New Hampshire’s Demographic Winter has an Economic Price

New York Stock Exchange / (NYSE)
photo credit: George Rex

A new study, “Demographic Changes, Financial Markets, and the Economy,”does not paint an encouraging picture for the future growth of New Hampshire’s economy now entering Demographic Winter (where a shrinking number of young people cannot support current population levels).  From the study:

It seems natural that the shifting composition of a nation’s population ought to influence GDP growth and perhaps also capital markets returns. Entrepreneurialism, innovation, and invention tend to be associated with young adults. Accordingly, GDP growth should perhaps be best when there is a preponderance of young adults in a population. Investing for retirement is associated with middle-age, with a shift in preferences toward bonds with late-middle-age. So, stock and bond returns might be best in populations with growing rosters of these age groups, respectively. Our data—spanning over 60 years and 22 countries in our main tests and roughly 175 countries in out-of-sample robustness checks—support all of our priors . . .
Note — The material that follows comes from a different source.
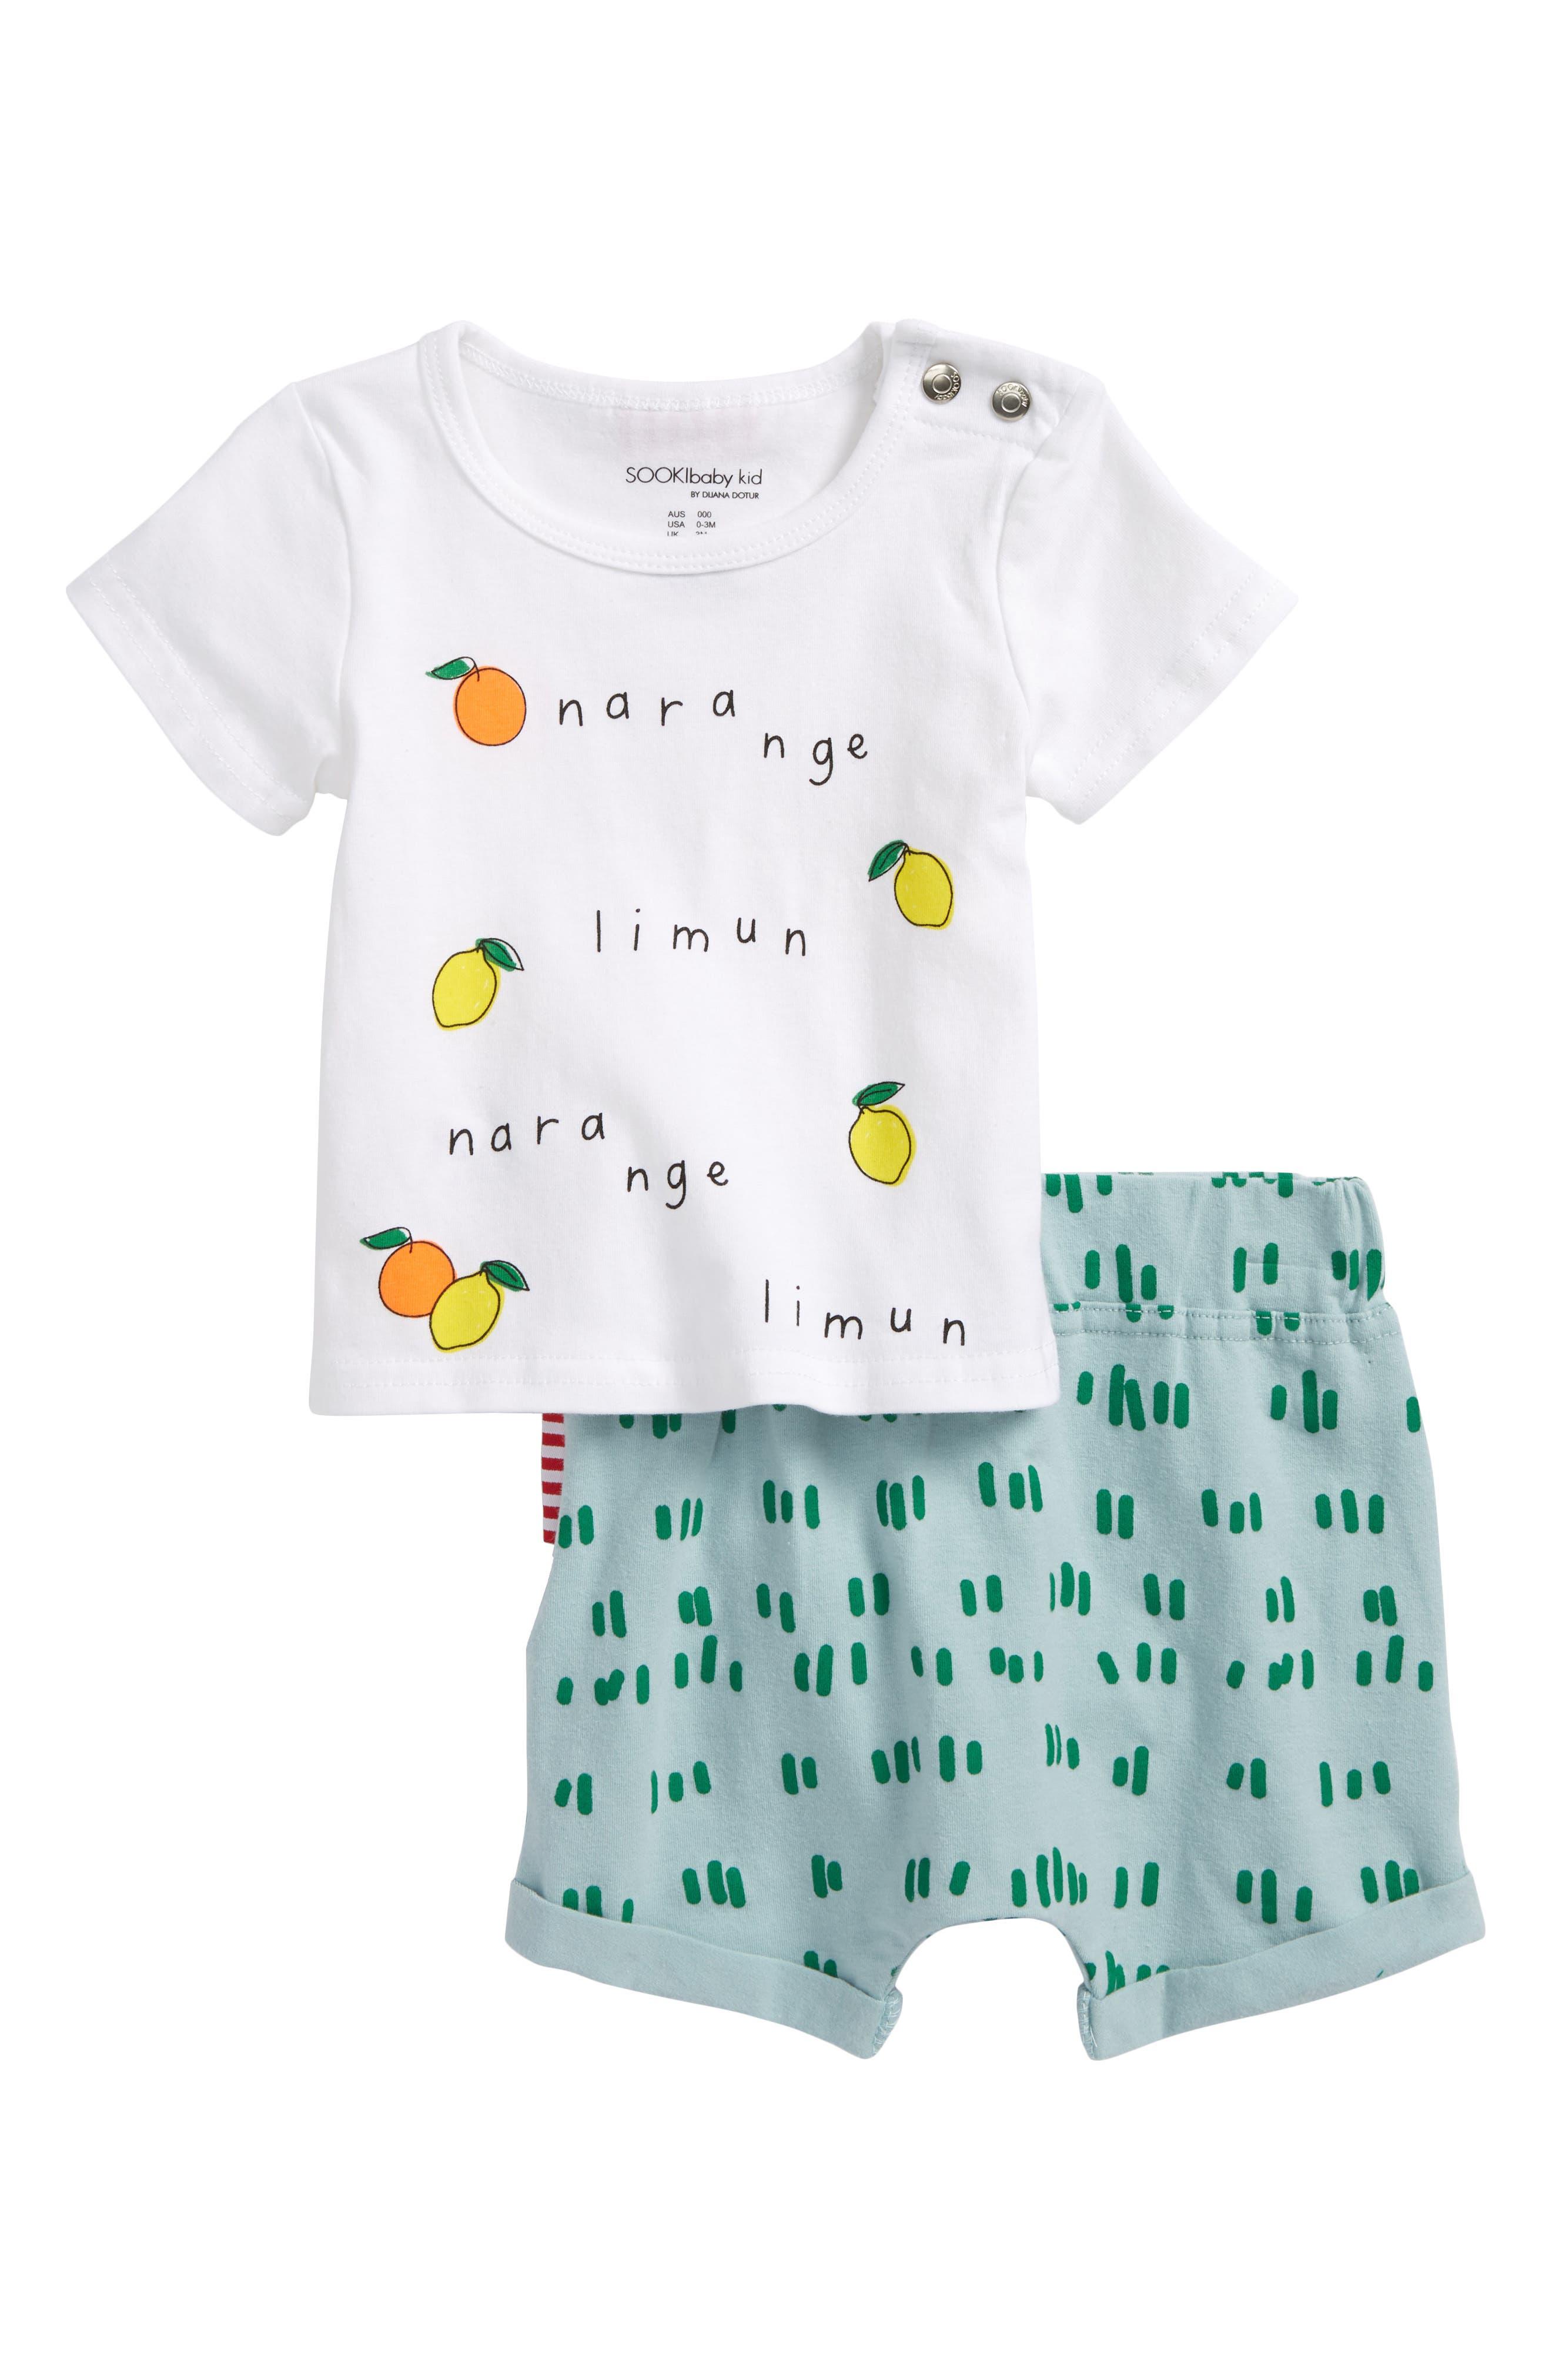 SOOKIbaby Narange Shirt & Shorts Set (Baby & Toddler)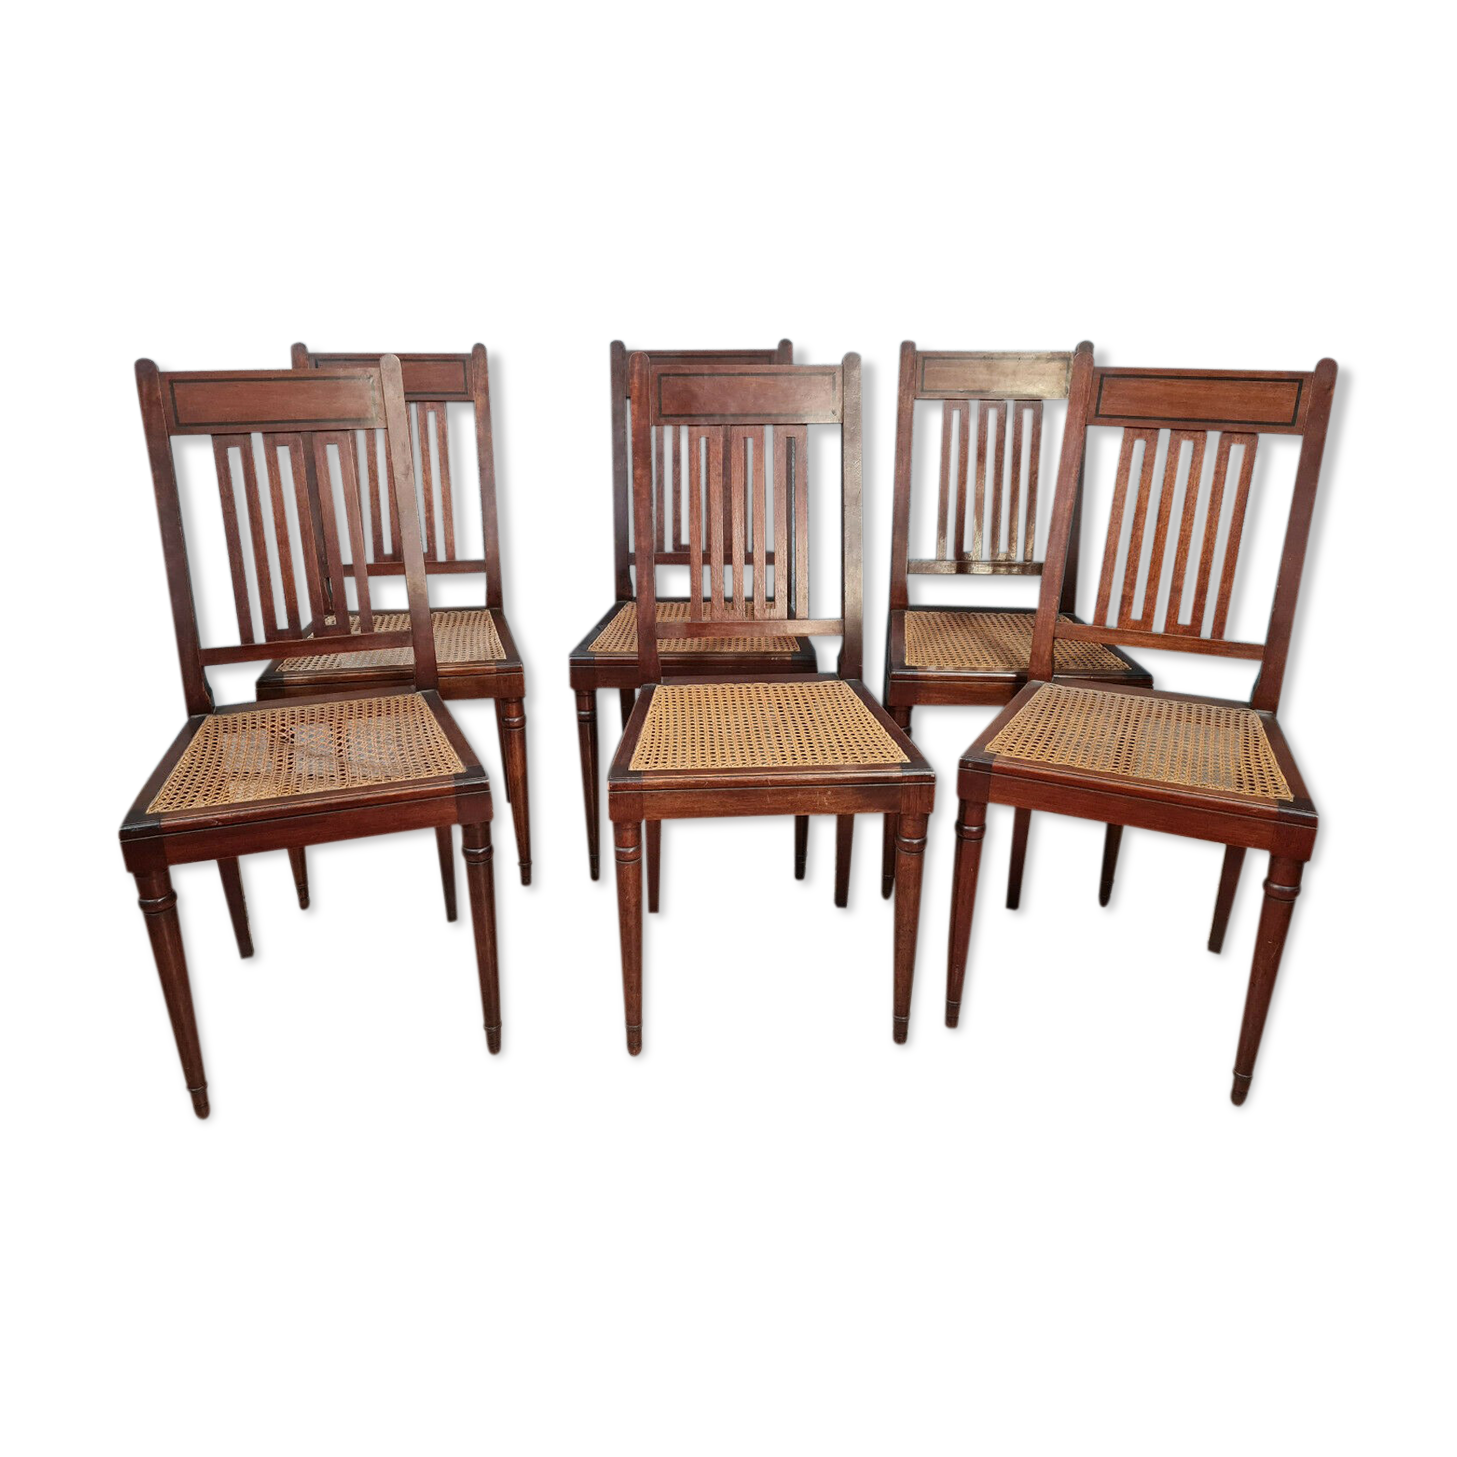 Série de 6 chaises style Louis XVI en acajou et filet d'ébène vers 1900

Children are not immediately helpful to GDP: they don’t contribute to it. Nor do they help stock and bond market returns in any meaningful way: their parents are likely disinvesting to pay their support. Young adults are the driving force in GDP growth; they are the sources of innovation and entrepreneurial spirit. But, they are not yet investing as they are overspending against their future human capital. Middle adults are the engine for capital markets returns; they are in their prime for income, savings, and investments. And senior citizens contribute to neither GDP growth nor stock and bond market returns, as they disinvest to buy goods and services that they no longer produce.

Therefore, according to this study, New Hampshire is currently in its demographic prime of middle adults.  However, the demographic picture will soon start to dramatically shift to the 65 and older crowd–which already spiked 20 percent in the last 10 years. Moving forward this means, at best, a stagnation in GDP growth or, at worst, negative GDP growth.

New Hampshire needs to find a way to keep or get some younger blood in the state ASAP before Demographic Winter begins to eat away at the economy–not to mention state and local government revenue. Yet, in the long term, that means strengthening New Hampshire’s families such that we start having more babies.